RECORDS PROVIDED -
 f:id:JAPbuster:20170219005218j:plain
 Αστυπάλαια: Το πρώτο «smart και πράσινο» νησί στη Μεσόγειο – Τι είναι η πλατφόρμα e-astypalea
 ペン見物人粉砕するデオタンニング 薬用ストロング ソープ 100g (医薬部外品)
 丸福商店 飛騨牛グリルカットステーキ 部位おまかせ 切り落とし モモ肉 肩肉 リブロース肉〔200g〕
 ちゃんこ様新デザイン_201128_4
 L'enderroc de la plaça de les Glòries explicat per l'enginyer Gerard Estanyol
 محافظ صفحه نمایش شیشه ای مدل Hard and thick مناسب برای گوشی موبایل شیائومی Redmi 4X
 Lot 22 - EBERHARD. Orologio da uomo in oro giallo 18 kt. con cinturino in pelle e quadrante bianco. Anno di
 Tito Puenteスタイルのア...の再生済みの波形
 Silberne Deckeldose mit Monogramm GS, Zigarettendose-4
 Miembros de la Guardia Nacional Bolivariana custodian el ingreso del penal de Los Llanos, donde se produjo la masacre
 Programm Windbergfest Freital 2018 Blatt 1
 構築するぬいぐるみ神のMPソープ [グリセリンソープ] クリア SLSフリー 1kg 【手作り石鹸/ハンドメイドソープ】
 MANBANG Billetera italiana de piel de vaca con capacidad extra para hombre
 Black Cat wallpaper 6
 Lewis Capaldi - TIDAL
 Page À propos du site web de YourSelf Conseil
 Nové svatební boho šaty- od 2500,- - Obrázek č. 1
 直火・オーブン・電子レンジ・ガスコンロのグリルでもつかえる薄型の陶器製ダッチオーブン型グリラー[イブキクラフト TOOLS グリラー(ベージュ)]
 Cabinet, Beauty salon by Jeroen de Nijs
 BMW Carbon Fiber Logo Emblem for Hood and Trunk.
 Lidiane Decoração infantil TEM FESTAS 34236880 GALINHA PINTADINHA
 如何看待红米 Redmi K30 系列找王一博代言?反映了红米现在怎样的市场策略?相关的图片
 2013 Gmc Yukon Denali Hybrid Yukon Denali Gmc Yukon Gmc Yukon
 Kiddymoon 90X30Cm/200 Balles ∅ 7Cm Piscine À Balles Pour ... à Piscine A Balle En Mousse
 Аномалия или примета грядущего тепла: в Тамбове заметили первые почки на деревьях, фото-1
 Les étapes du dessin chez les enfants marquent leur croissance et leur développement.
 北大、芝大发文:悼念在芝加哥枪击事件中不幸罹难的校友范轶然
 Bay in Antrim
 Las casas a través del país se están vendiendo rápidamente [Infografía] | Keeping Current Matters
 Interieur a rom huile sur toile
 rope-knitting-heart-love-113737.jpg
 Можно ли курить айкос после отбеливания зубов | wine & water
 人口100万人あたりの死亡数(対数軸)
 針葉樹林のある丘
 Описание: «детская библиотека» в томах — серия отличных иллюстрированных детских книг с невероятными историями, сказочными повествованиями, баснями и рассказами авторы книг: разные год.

EXERCISE DIRECTIONS - Above are records; repeat only the lines starting at the line with "L'enderroc de la" and ending at the line with "2013 Gmc Yukon", exactly as they appear, both included.

EXERCISE ANSWER -
 L'enderroc de la plaça de les Glòries explicat per l'enginyer Gerard Estanyol
 محافظ صفحه نمایش شیشه ای مدل Hard and thick مناسب برای گوشی موبایل شیائومی Redmi 4X
 Lot 22 - EBERHARD. Orologio da uomo in oro giallo 18 kt. con cinturino in pelle e quadrante bianco. Anno di
 Tito Puenteスタイルのア...の再生済みの波形
 Silberne Deckeldose mit Monogramm GS, Zigarettendose-4
 Miembros de la Guardia Nacional Bolivariana custodian el ingreso del penal de Los Llanos, donde se produjo la masacre
 Programm Windbergfest Freital 2018 Blatt 1
 構築するぬいぐるみ神のMPソープ [グリセリンソープ] クリア SLSフリー 1kg 【手作り石鹸/ハンドメイドソープ】
 MANBANG Billetera italiana de piel de vaca con capacidad extra para hombre
 Black Cat wallpaper 6
 Lewis Capaldi - TIDAL
 Page À propos du site web de YourSelf Conseil
 Nové svatební boho šaty- od 2500,- - Obrázek č. 1
 直火・オーブン・電子レンジ・ガスコンロのグリルでもつかえる薄型の陶器製ダッチオーブン型グリラー[イブキクラフト TOOLS グリラー(ベージュ)]
 Cabinet, Beauty salon by Jeroen de Nijs
 BMW Carbon Fiber Logo Emblem for Hood and Trunk.
 Lidiane Decoração infantil TEM FESTAS 34236880 GALINHA PINTADINHA
 如何看待红米 Redmi K30 系列找王一博代言?反映了红米现在怎样的市场策略?相关的图片
 2013 Gmc Yukon Denali Hybrid Yukon Denali Gmc Yukon Gmc Yukon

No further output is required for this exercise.